Jamás me imaginé llegar a una situación como esta. Nunca en mi vida me hubiera imaginado terminar de esta forma mi relación con Paola. Antes de vivir a su lado, me consideraba un hombre ecuánime, tranquilo y respetuoso.  ¡Que equivocado estaba! Al lado de ella, fueron aflorando en mí sentimientos que yo mismo no sabía que existían.

Cuando nos conocimos siete años atrás, nuestra relación había empezado como fruto de una gran atracción física, al menos de mi parte. Era una relación apasionada y algo tormentosa, ya que Paola a veces tenía algunos arrebatos cuando se enojaba. Pero yo lo pase por alto. No me gustan los conflictos, y cuando ella se ponía así, mejor me callaba. Una cosa llevó a la otra y en poco tiempo, luego de casi dos meses de relación me informó que estaba embarazada.

No nos casamos, pero yo quise responder por el embarazo. Y la llevé a vivir conmigo. Sin embargo, cada vez era menos tolerante, y peleábamos todos los días. Paola tenía siempre algún reproche, ya fuera porque no le gustaba que mi trabajo demandara casi todo mi tiempo, o simplemente porque era una mujer voluntariosa acostumbrada a salirse con la suya.

Las peleas fueron subiendo de nivel. Poco a poco nos fuimos perdiendo el respeto. Y con ello nuestra relación se convirtió en un ring de boxeo. La última vez que nos ofendimos, estuve a punto de golpearla salvajemente… Mi mano terminó contra uno de los vidrios de la ventana de nuestra sala, en lugar de su rostro. Mis nudillos rotos y ensangrentados me recordarían este episodio lleno de violencia y odio.

¿Cuándo empezó a volverse un infierno nuestra relación?

Realmente no lo sé. Quizás desde un principio, sin darme cuenta, justifiqué sus “berrinches” que, a mi parecer, no eran algo importante. Debo reconocer que la mujer me encantaba físicamente. Esa figura espectacular, y su carita de “yo no fui”. Creí que sus arrebatos eran solo eso.
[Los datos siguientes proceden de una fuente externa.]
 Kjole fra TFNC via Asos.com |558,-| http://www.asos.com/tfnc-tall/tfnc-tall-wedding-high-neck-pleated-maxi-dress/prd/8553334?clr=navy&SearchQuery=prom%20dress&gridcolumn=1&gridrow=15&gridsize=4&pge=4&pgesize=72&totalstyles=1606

Algo pasajero.

Creo que todo comenzó cuando Paola empezó a salir por su cuenta con un grupo de amigas, sin que yo supiera a dónde iba, tampoco si en el grupo incluían “amigos”.

Aquella noche, llegué a casa, después de las diez, y me percaté de que ella ya no estaba. Decidí llamar a su celular, pero estaba apagado. Al no tener respuesta, sentí como si me subiera algo por dentro, llenándome de impotencia, frustración y mucho coraje.
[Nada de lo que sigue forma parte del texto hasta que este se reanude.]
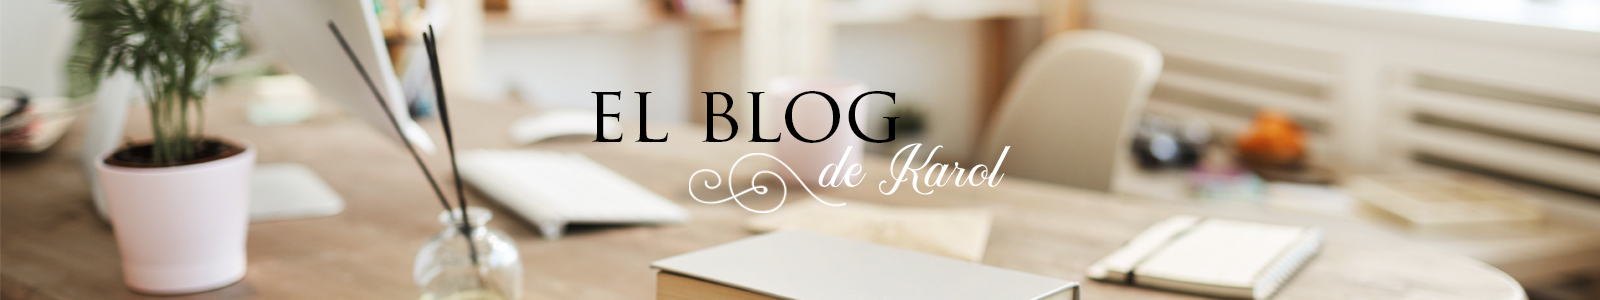 blog de casika, donde encontrarás infinidad de ideas sobre decoración

La esperé despierto. Con las luces apagadas para sorprenderla. Pasaron las horas… y no llegó.

Pero yo tenía que irme pronto al trabajo. Desvelado como estaba, deseaba que llegara en ese momento, para desquitarme de alguna manera…

Pero no llegó tampoco. Eran casi las seis de la mañana y yo tenía que irme cerca de las 6:30 a.m. La primera clase que impartía en una universidad cercana iniciaba a las 7 a.m. No tenía ánimo para nada más que esperar a Paola, pero sabía que era mejor irme y cumplir, como siempre lo hacía, con mis deberes.

Y me fui. Esa mañana la pasé como un autómata. No sé cómo impartí esas clases frente al grupo de jóvenes, que en otro momento me hubieran sacado de quicio. Esa mañana no reaccioné al bullicio de mis alumnos. Regularmente no regresaba a casa hasta pasadas las nueve o diez de la noche, porque luego de mi turno en la universidad, tenía un empleo de medio tiempo en una empresa, donde fungía como asesor.

No le llamé, quería ver hasta donde llegaba su desfachatez. Finalmente, no pude más y le marqué a su celular.

—Paola, ¿dónde estás? —le dije, conteniendo el coraje.

—En casa, ¿dónde querías que estuviera? —me contestó, como si nada hubiera pasado.

—¿Y ayer? ¿Dónde te metiste? Ni siquiera sabía que saldrías. ¿Por qué lo hiciste? ¡Estuve toda la noche intentando comunicarme contigo y ni siquiera te reportaste!

—Ya te había dicho hace una semana que saldría con Dana, mi mejor amiga, a festejar su cumpleaños, y que si anochecía ella me había invitado a quedarme en su casa. Vive muy lejos de nuestra colonia —contestó, comenzando a molestarse.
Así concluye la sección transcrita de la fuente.